The design decision to use Redis as an intermediary is crucial. It provides a shared, high-performance, and stateless communication channel. The C# service writes a temporary credential, and the FastAPI service reads it. Because the credential (the authorization code) is single-use and has a short TTL, the security posture is strong. This avoids the complexities of a shared database schema, replication lag, or the overhead of more permanent storage for a value that only needs to exist for a few seconds.

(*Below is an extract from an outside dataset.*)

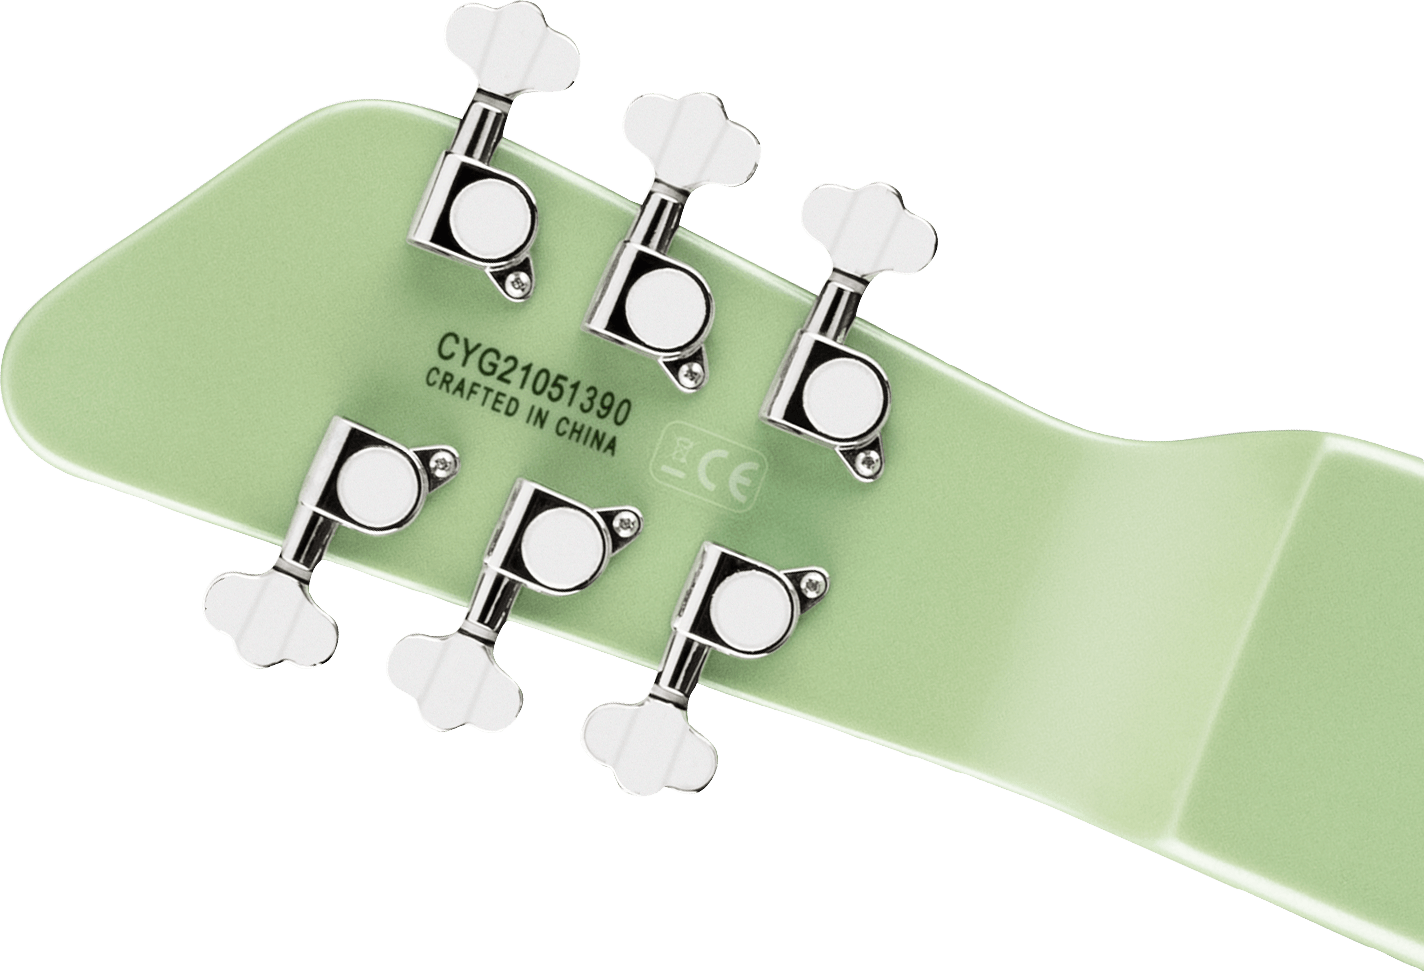 Gretsch G5700 Electromatic Lap Steel - Broadway Jade - Lap steel guitar - Variation 3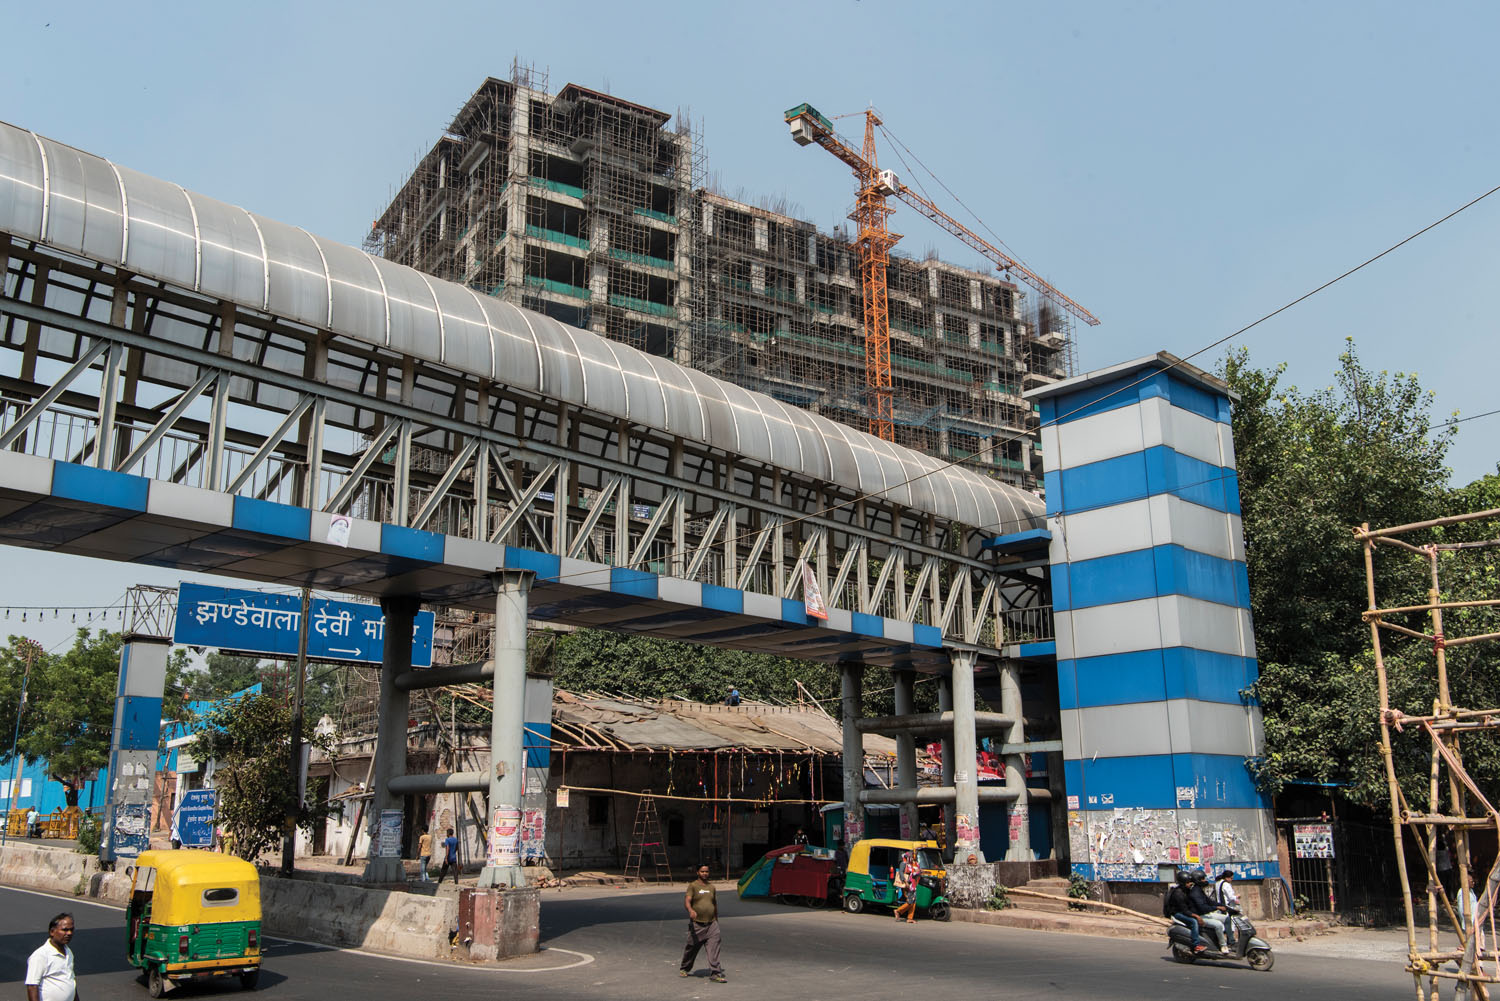 The new Rashtriya Swayamsevak Sangh (RSS) party headquarters in New Delhi under construction. Photo by Saumya Khandelwal.

The limitations of this approach must be clearly understood. This is a bespoke, point-to-point integration. If a third or fourth service needs to join this authentication ecosystem, the C# monolith would have to be updated for each one. The implementation does not follow the full OpenID Connect (OIDC) specification, as it omits features like the id_token, discovery endpoints (.well-known/openid-configuration), and dynamic client registration. For a more complex microservices landscape, transitioning this custom implementation to a dedicated identity server like Keycloak or IdentityServer, which both services would treat as an external provider, would be the correct architectural evolution. This would decouple the services from the responsibility of being an identity provider and centralize security policy management.